3rd Jun '10
1:42pm

GRAHAM T. AUTUMN IN ROAD TOWN, BRITISH VIRGIN ISLANDS

I was eleven.

One morning, I was staring out our window at the giant yachts docking at Road Harbor.

My father said, “Did you know that this whole city burnt down? In the 1850s, some rioters set fire to everything because of some goat tax.”

“Or maybe it was a cow tax.” He looked out the window and scratched the back of his neck with his thumb. “Anyway, they burned it down because of some farm animals,” he said.

I wrote down the dreams I had there, for some reason. I would wake up and write down whatever I remembered. I only had four different dreams throughout the three weeks we spent on the island. They usually recurred in the same order.

On our taxi to the airport, I listed all the dreams. This is what it says in the journal:

  1. The one where I’m running away from prison guards and find an old apartment building and I try to lock myself in one of the rooms but none of the locks work so I try to jump out the window before they catch me.
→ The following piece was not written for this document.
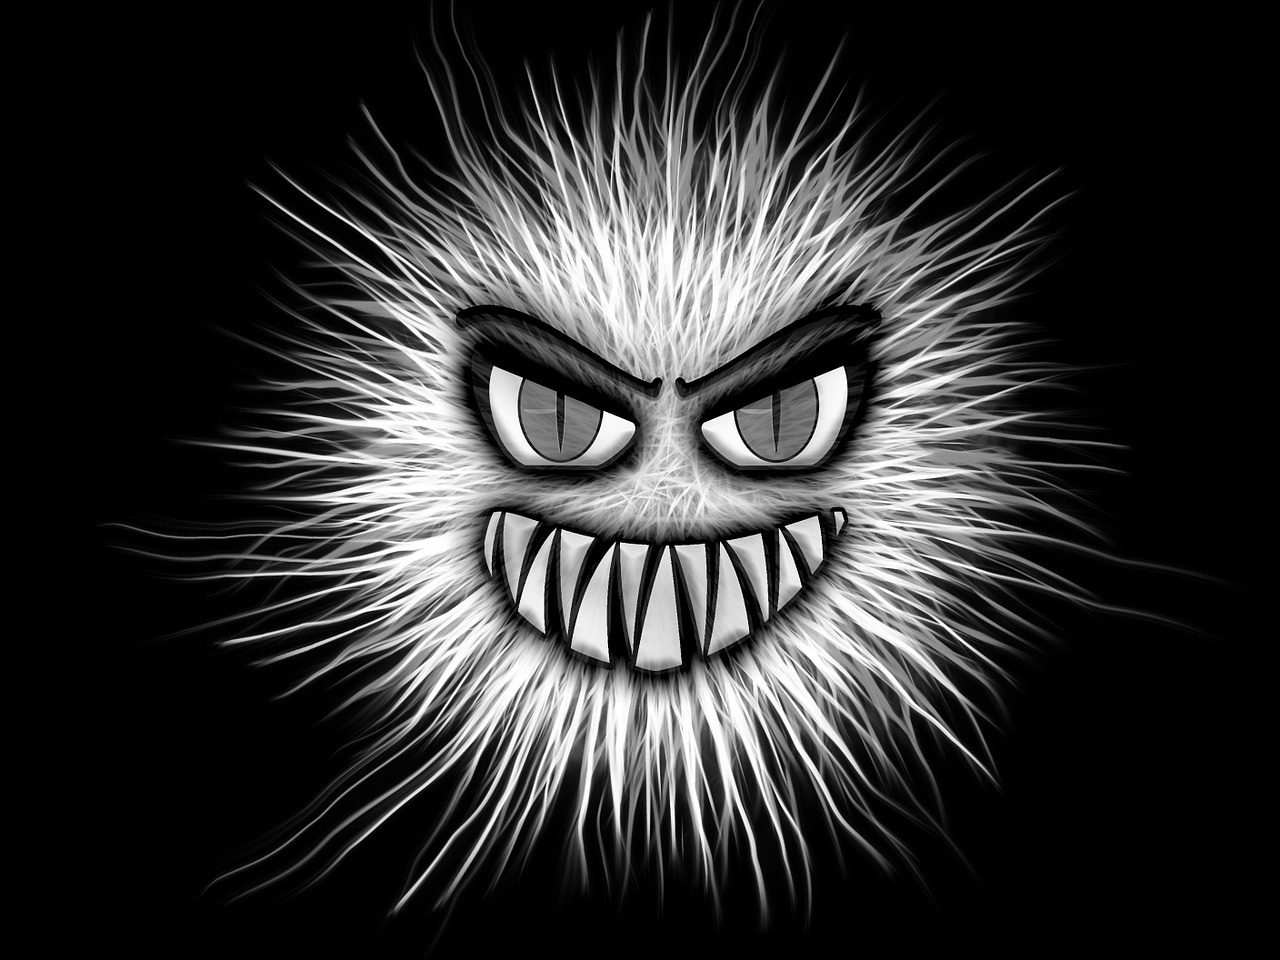 Free monster virus black and white illustration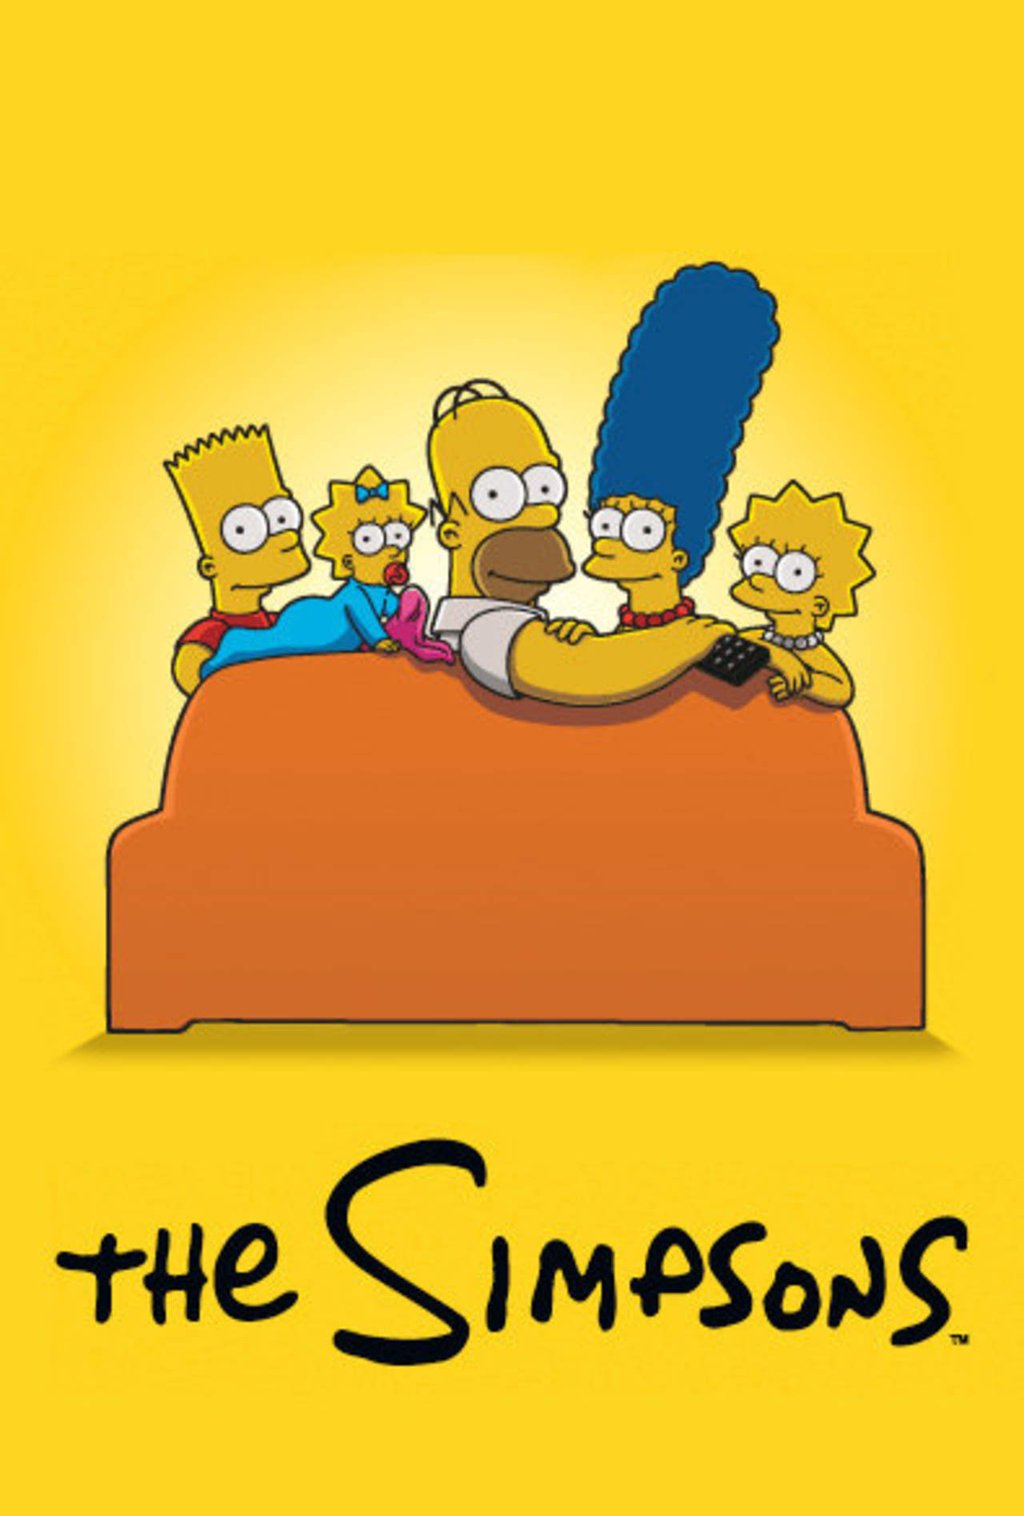 Presentarán episodio especial de Los Simpson

I wake up before I jump.
  2. The one where I am building a statue of myself from solid marble but while I’m etching the book that the statue’s holding it’s [sic] hand starts to crack. I wake up before it falls on my head.
  3. The one where I am alone in an empty version of our hotel room and then I hear very loud footsteps outside and I see the doorknob start to turn. I wake up when the door opens.
  4. The one where I am alone in an empty version of our hotel room and I think it’s the dream where I hear loud footsteps but it isn’t.

I also remember that these flocks of sun-brunt white people would take over the streets for a few hours before they got back on their giant yachts and left the harbor.